Also applies to the routing amounts. Nobody can tell you which amounts are forwarded and which aren't, unless node operators make it public. Spoiler: Most node operators don't do that.
That is, your confidence that LN is confidential is based only on the assumption that node operators will not transmit transaction data to anyone.
Does anyone believe that messengers are confidential, just because they will not share their information with anyone?

What I'm saying is, that node operators only know about the routings of their own node. They don't know the origin and they don't know the destination of a transaction unless they started it themselve. Most of the node operators are completely unknown btw. So if somebody shares the info about the tx he was routing and how much fee he earned, you still don't know anything about the other nodes and you might never find out. Everybody is free to tell you how much Bitcoin he has, still many people won't tell you.
Your initial statement was :"Nobody can tell you which amounts are forwarded and which aren't, unless node operators make it public.".
And this is a true statement. From this statement another true statement follows:
If node operators make their data public, then everything will be bad with privacy in LN.
No one can guarantee that node operators will not do this. You can only believe in it. But, as the English proverb says, "When three know it, all know it".
You didn't understand this part:
They don't know the origin and they don't know the destination of a transaction unless they started it themselve.
Means, if a node operator makes his data public, he will only lose his own privacy.
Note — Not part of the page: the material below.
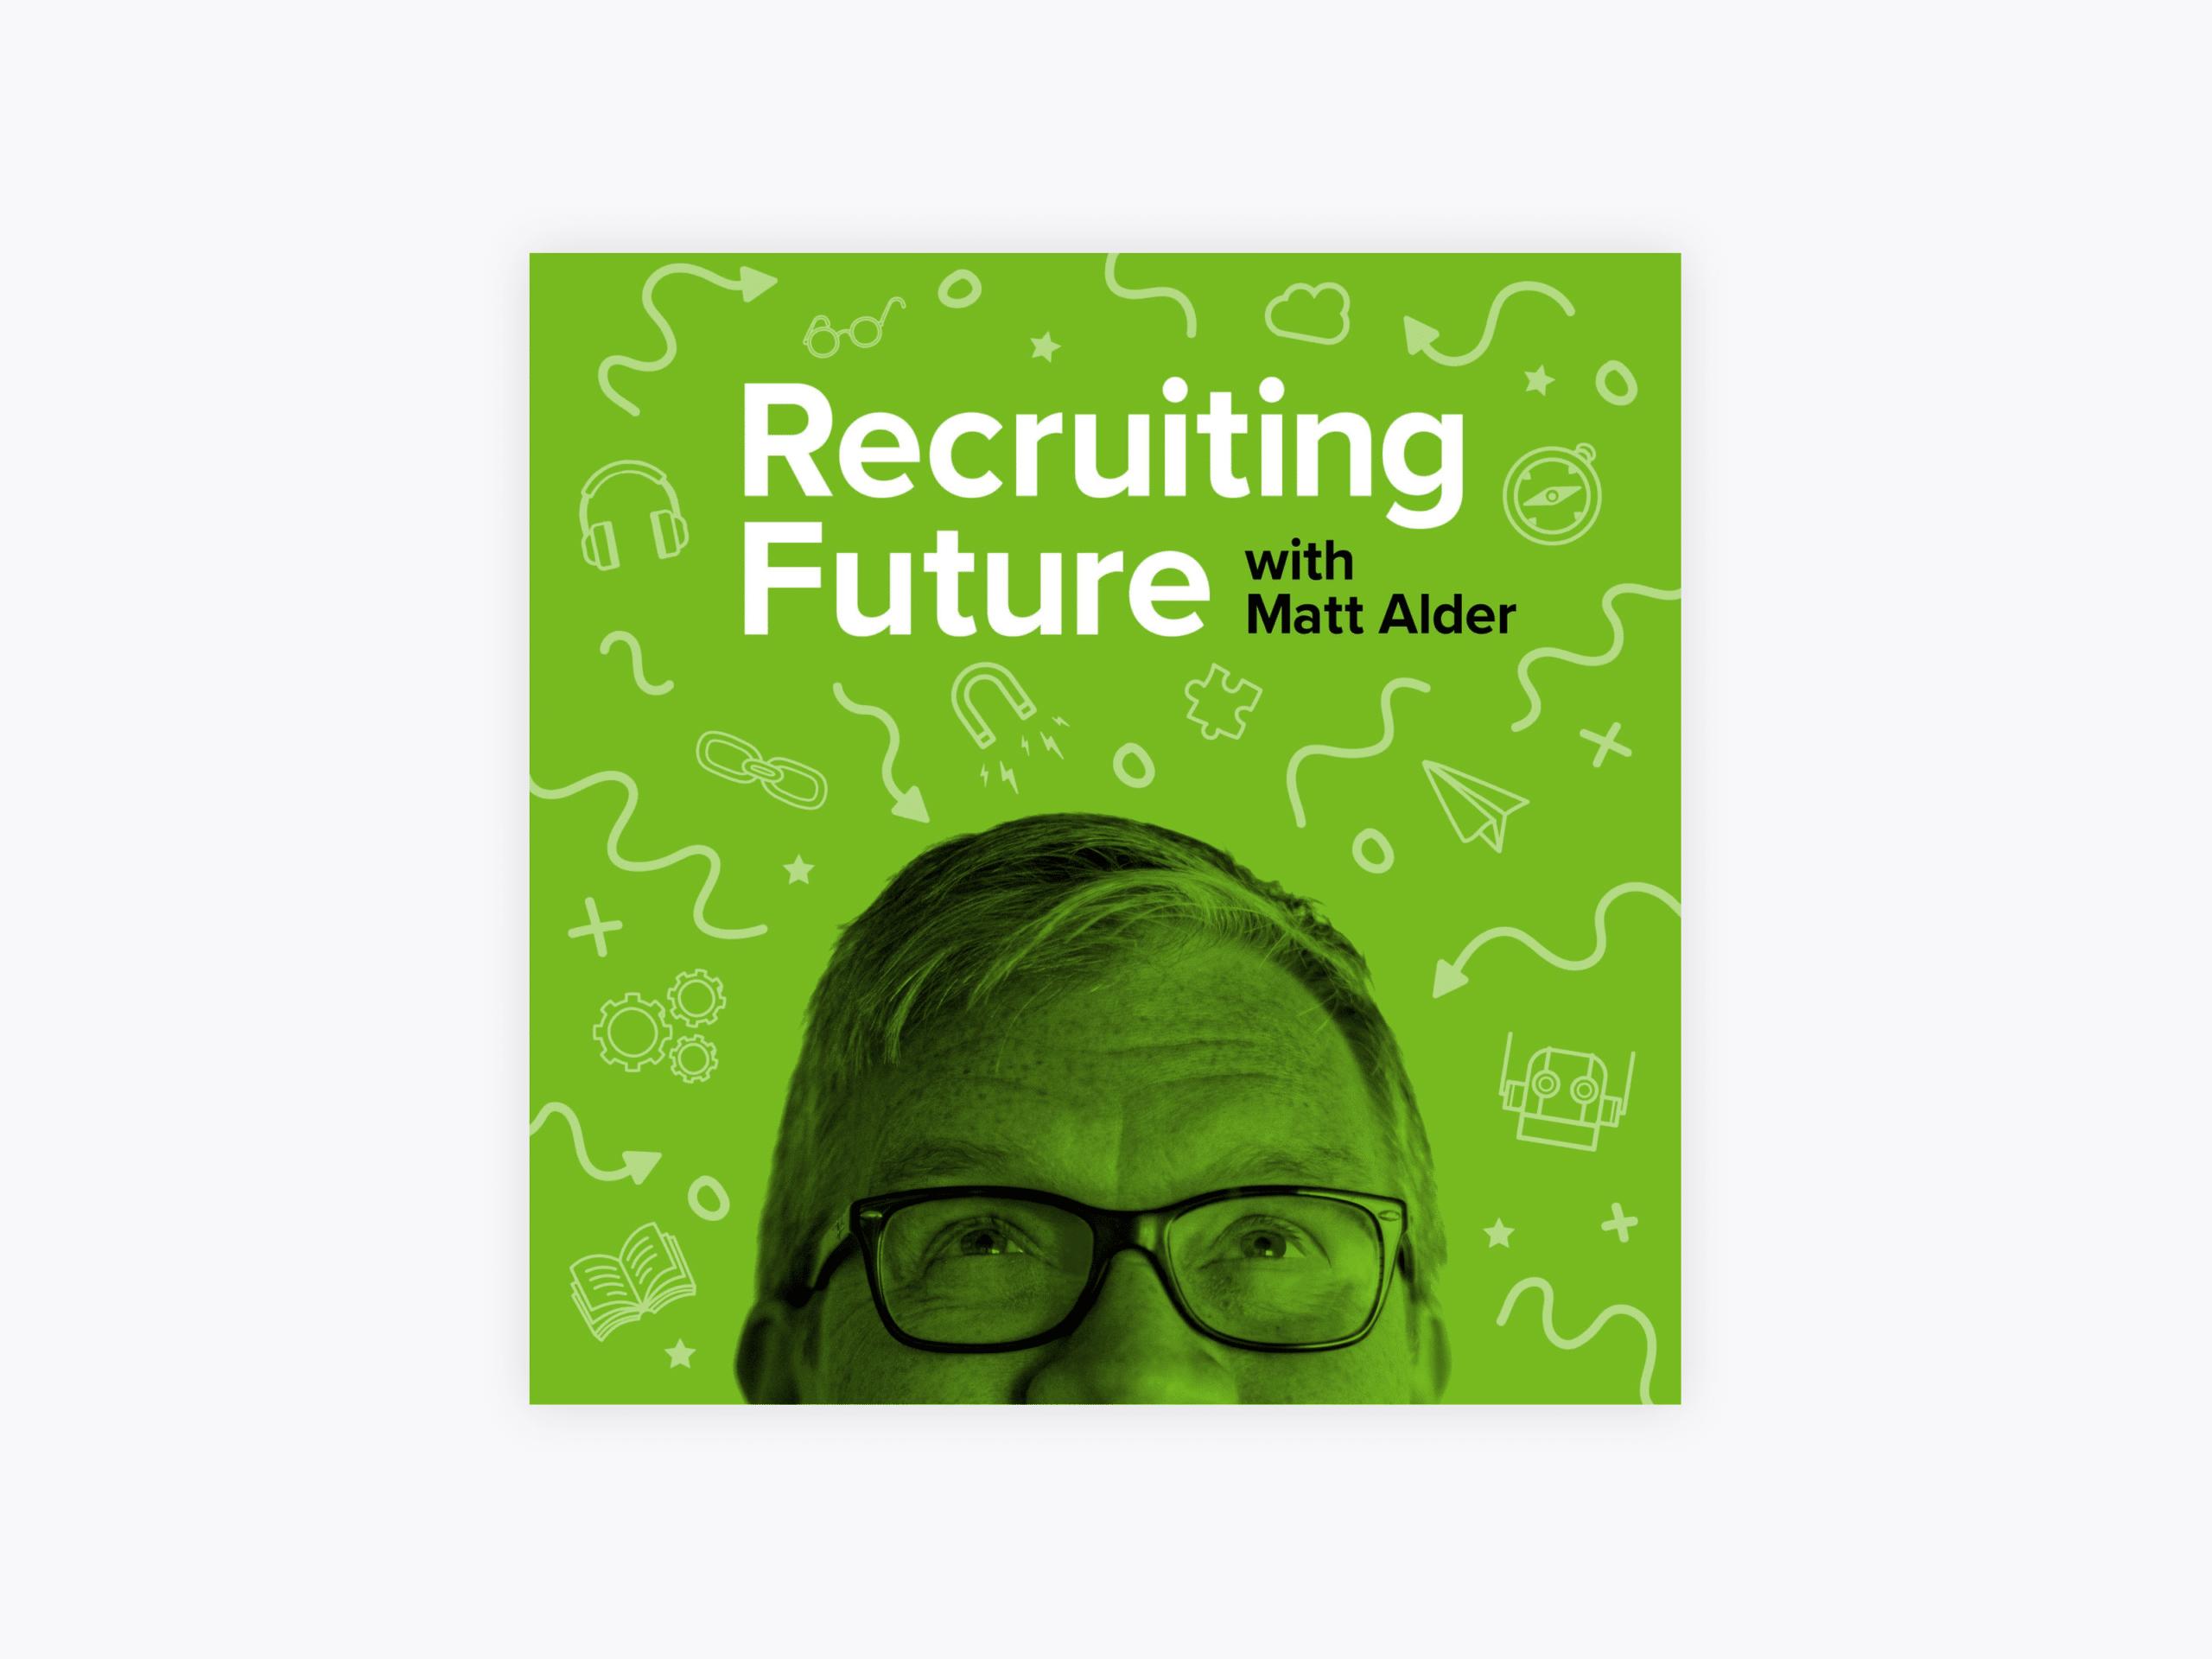 Cover art for recruiting future with matt alder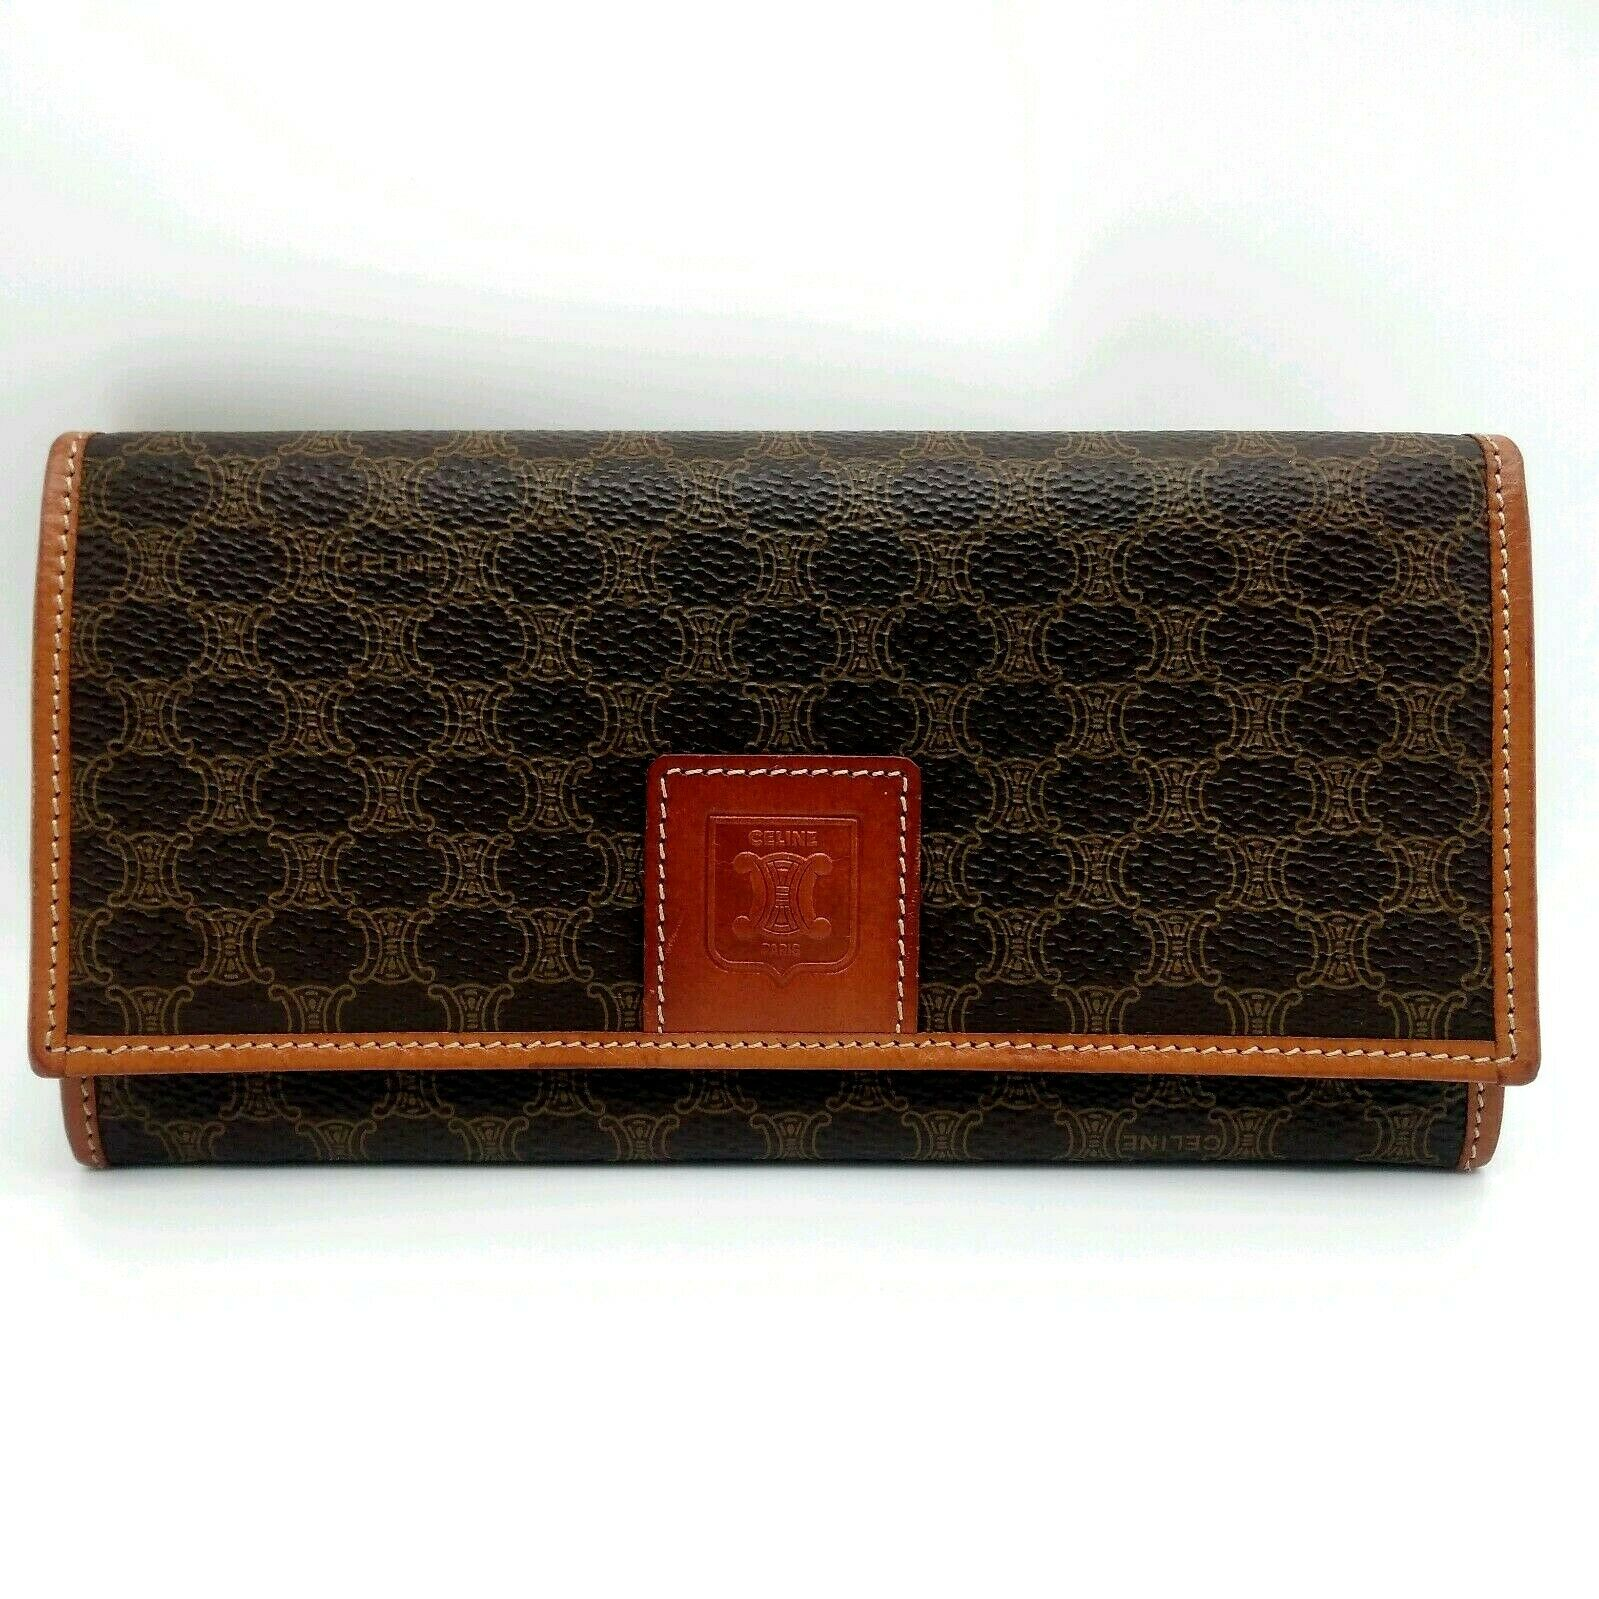 【RANK AB】Authentic Vintage Celine Macadam wallet from Japan R010

Just like everyone who makes his finances available to public, because he doesn't know where the money is coming from and where it went to. The english proverb you provided doesn't apply to lightning, because when three know it, only these three now it and the rest of the 12000 nodes doesn't know shit.
Everything is clear with this statement. It works if only one node operator discloses the data. ( and then not always). If we return to your statement again ( and to mine), then "node operators"were used there.
Why did you decide that only ONE node operator will give its data. Where there is one, there are 2, and 3, ... And here everything depends on the number.
Let's take the end users who will not keep the routed nodes. If one end user makes a transaction to another end user, then most likely 2 nodes (the sender node and the recipient node) are enough for the whole world to know about this transaction. And if we take into account that in the future, with a significant development of LN, there will be 98-99% of such end users,then the privacy of LN looks less convincing.